Il settore chiede anche un aiuto alle istituzioni per superare l’ingiusta penalizzazione che colpisce le industrie che trasformano e commercializzano prodotti ittici in materia di aiuti di “stato de minimis”. «Dobbiamo poter beneficiare degli stessi massimali previsti per le altre imprese, a partire dal quadro temporaneo di aiuti alle imprese concesse a seguito dell’aggressione della Russia all’Ucraina. Nonostante tutto — conclude Legnani — il nostro impegno sarà quello di continuare a garantire al consumatore la sicurezza alimentare, la qualità, l’eccellenza e gli stessi standard alti per cui tonno in scatola e conserve ittiche sono fortemente apprezzati anche in momenti di difficoltà».
È la conferma che l’incremento dei costi non avrà alcuna conseguenza sulla qualità e che il tonno in scatola continuerà ad essere un alimento accessibile a tutti, versatile, pratico e di un ricco profilo nutrizionale (Omega-3, vitamina D), prezioso come fonte proteica (25,2 grammi per 100 grammi di prodotto sgocciolato) a fronte di un costo contenuto.
Grazie alla capacità di resilienza di questo settore e la responsabilità dell’industria, i conservieri ittici confidano di non far mai mancare il tonno in scatola sulle tavole agli Italiani, riuscendo ad assorbire gran parte dell’aumento fuori controllo dei costi di produzione e contenendo al minimo le ricadute sul consumatore.
Innovazione verso tradizione: il capitale umano dietro una scatoletta di tonno
La storia delle conserve ittiche è frutto di secoli di memoria e cultura di un Paese, tramandati di generazione in generazione: un saper fare antico che risponde a regole precise, ancora valide.
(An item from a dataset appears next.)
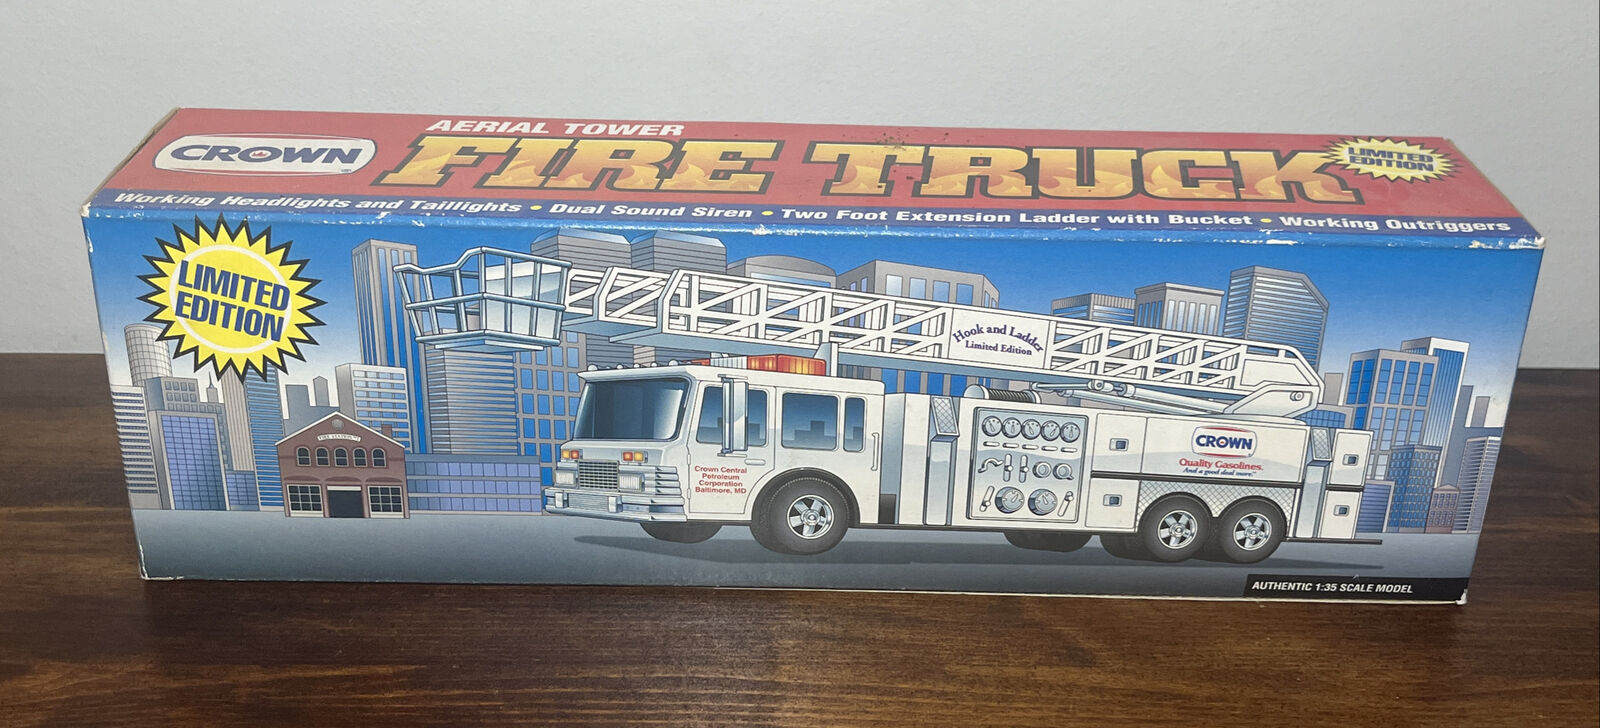 1996 CROWN AERIAL TOWER FIRE TRUCK LIMITED EDITION 1:35 Scale Model RARE

Il comparto delle conserve ittiche ha saputo evolversi, adeguandosi alle esigenze moderne, con l’avvento di nuove tecnologie e tecniche di produzione che hanno permesso di innalzare ai massimi livelli gli standard qualitativi e igienico-sanitari, pur restando fedele alla tradizione. Macchine di ultima generazione a raggi infrarossi, impianti automatizzati, barriere tecnologiche alle contaminazioni, certificazioni di qualità, protocolli sanitari per l’alimentazione: anche se l’innovazione ha fatto passi da gigante, in tutti i processi, anche i più automatizzati, è l’elemento umano ad essere insostituibile per controllare un sistema di produzione sempre più complesso e sono tante le professionalità che concorrono al successo della scatoletta di tonno.
Una curiosità: nell’industria ittica è alta la presenza di personale femminile. Uno dei patrimoni del comparto è rappresentato, infatti, in maniera esemplare dalla capacità e dall’abilità delle donne. Tradizionalmente, merito della grazia e delicatezza delle mani femminili, le donne erano addette soprattutto alla pulitura e selezione dei tranci di tonno per l’inscatolamento e alla cosiddetta “arringatura” delle alici. Oggi a queste figure, con l’evoluzione del settore, se ne affiancano anche altre che rivestono ruoli di responsabilità e compiti direttivi nella produzione e nell’amministrazione. Il settore delle conserve ittiche, per la sua storia, da sempre applica il sistema delle “quote rosa”.